If I were in your situation, I would just lower the cutoff a bit to get a bit deeper discharge. I think most likely you are not damaging your battery excessively. But for the record, here are some more systematic ways to approach this.

What you want to do, is somehow figure out what is the SOC when you cutoff at 11.5V with your current load. One way to do this would be to isolate the battery after the inverter cuts off. Let it sit at room temperature for 24 hours and measure the open circuit voltage at the end of that period. Then look at a chart for your battery or a very similar battery to determine SOC from voltage.

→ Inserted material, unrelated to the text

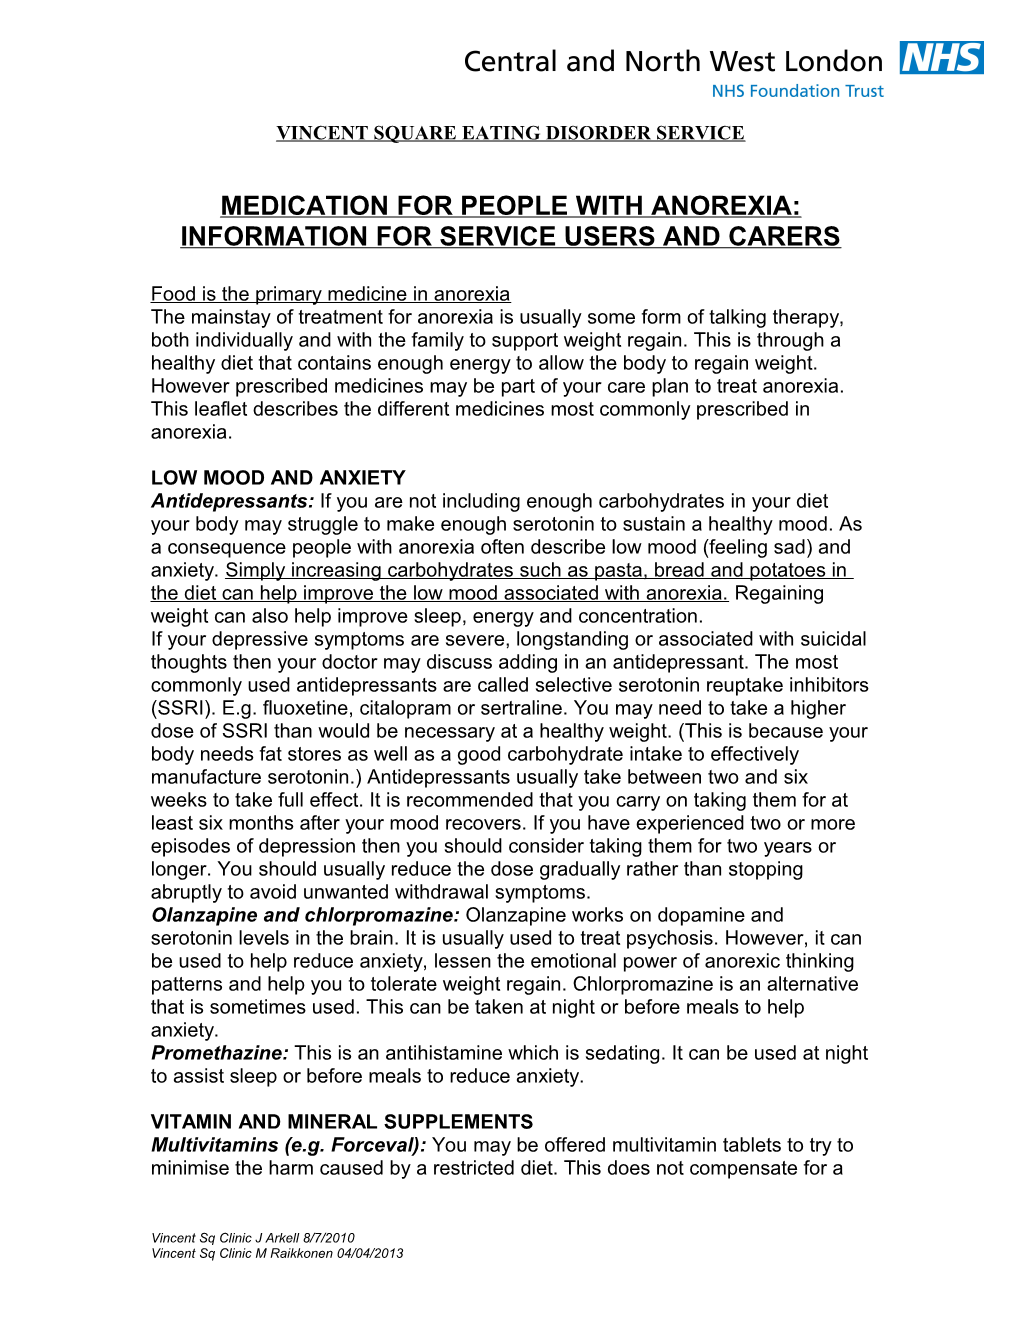 Medication Prescribed for People with Anorexia Nervosa: Information for Service Users and Carers

Because it is an AGM battery, you do not have access to the electrolyte and cannot measure density of the electrolyte as you could with a flooded lead acid battery. But for a flooded battery, that would be an option to determine true SOC. They sell tools for this (Battery Hydrometer).

Another idea is to actually measure and integrate net discharge while you are using the battery, from the time it is full to the time the inverter cuts off. This will tell you how many amp-hours have been removed from the battery, and you can use the battery capacity to compute state of charge. For example, 5A for 20 hours = 100 Amp-hours. Since the capacity is 130 Amp-hours, the SOC would be (130Ah - 100Ah) / 130Ah = 23%. Note that capacity depends on discharge rate. The listed capacity of 130Ah is based on a 20 hour discharge time (6.5A for 20 hours). So to be accurate, you would want to use the capacity based on actual discharge rate, if that information is available. So that could complicate matters.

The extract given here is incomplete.